Everything about Spiral Knights brings back memories of older 16 bit styled games such as Sol Blazer or Diablo. This seems to be largely intentional, and rather rewarding, as the game feels kind of like what would have happened if Streets of Rage and Diablo had a child that they entrusted into the care of a Free-to-Play MMO giant. But, it should come as no surprise that the game suffers from many of the same issues that other games in the “pay to play more” camp run into as well.
The default control mapping is an odd mouse and keyboard combo where the player drags their avatar around the map and clicks on both enemies to attack and potions to heal. When I first played through the tutorial it seemed to focus more on moving the character with the mouse and skimmed quickly over moving them with the WASD keys, which ended up feeling way more comfortable then holding the mouse button down and waiting for the character to get where he needed to go. On a whim, I connected an Xbox 360 controller to see if the game would recognize it, which it did instantly and started to control like a dream, sadly this was never discussed at any point before I randomly tried it.

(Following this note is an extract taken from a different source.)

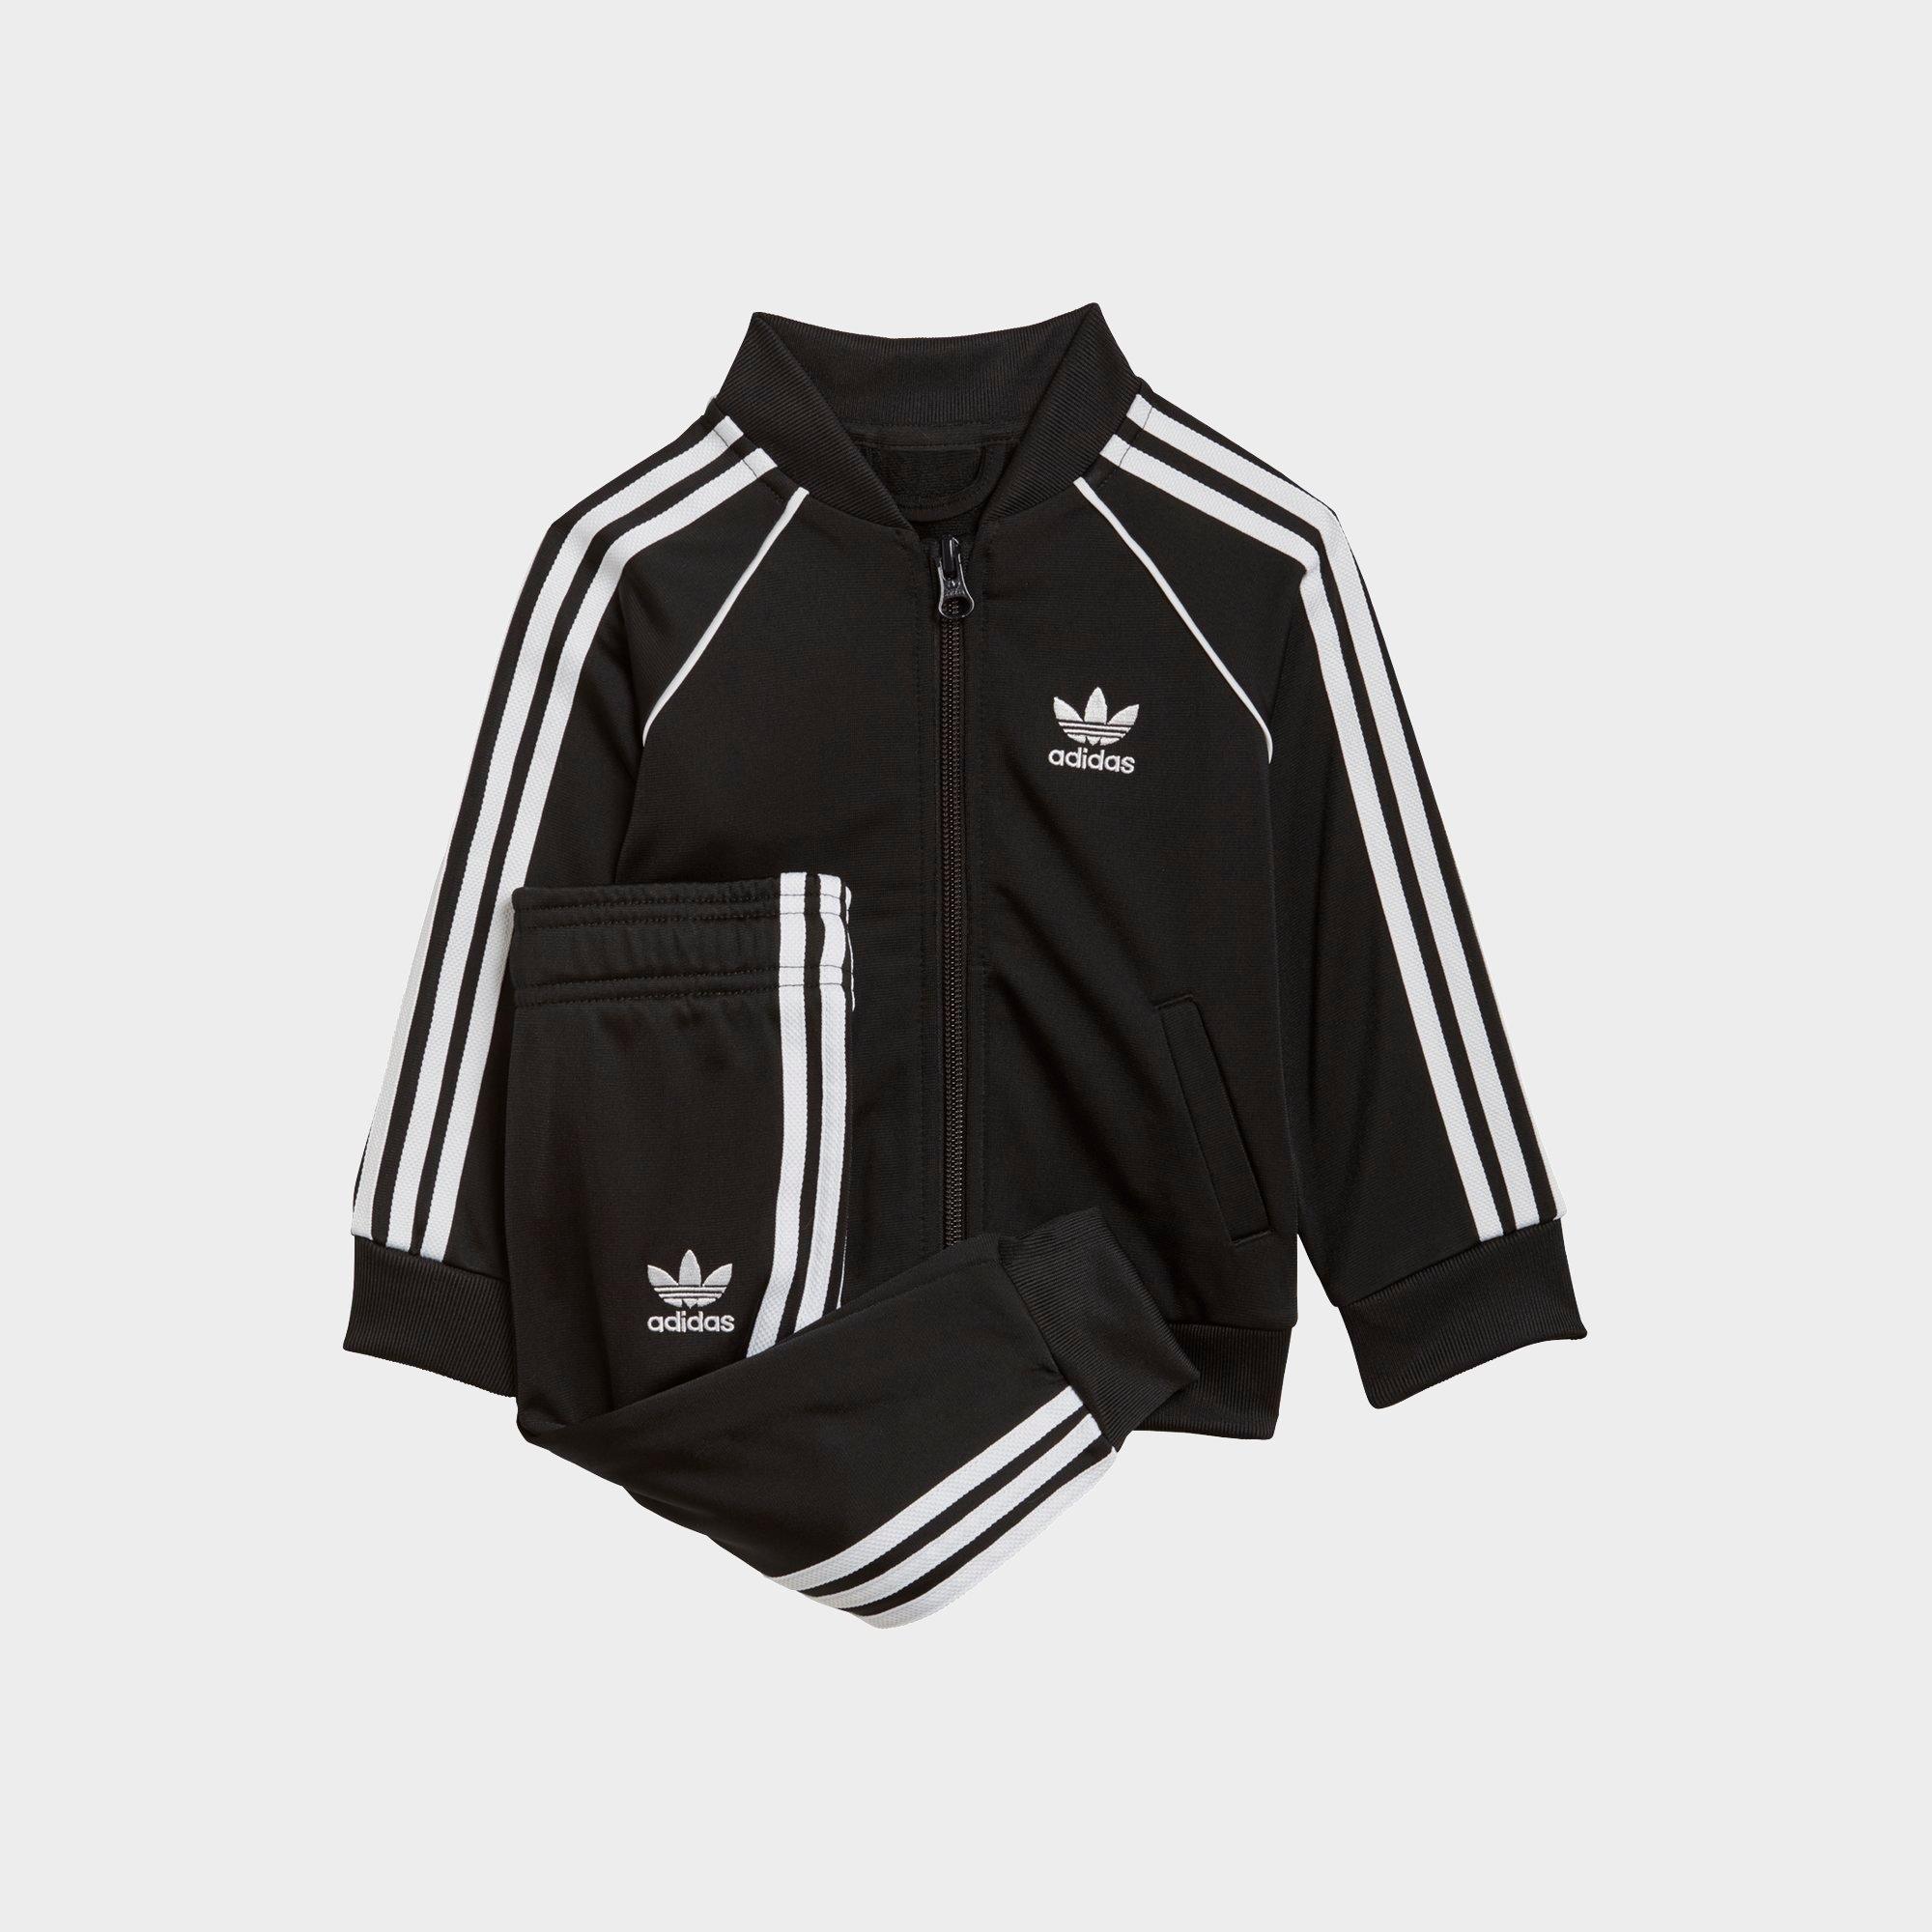 Infant and Kids' adidas Track Suit| JD Sports

Spiral Knights plays from a 3/4th overhead perspective with a large emphasis on loot drop. Added into the mix is the reliance on a combo system to do mass damage and some light physics puzzles to mix up the old school dungeon crawler. Oddly the characters themselves never really level up, instead the gear that can be crafted by picking up items throughout, getting better, or it becoming more effective with use, although this seems to be hampered mildly by the fact that some of the items push for repeated exploration which is a finite resource and can only be gained by either letting a character rest for some time or buying more energy for them with real world money.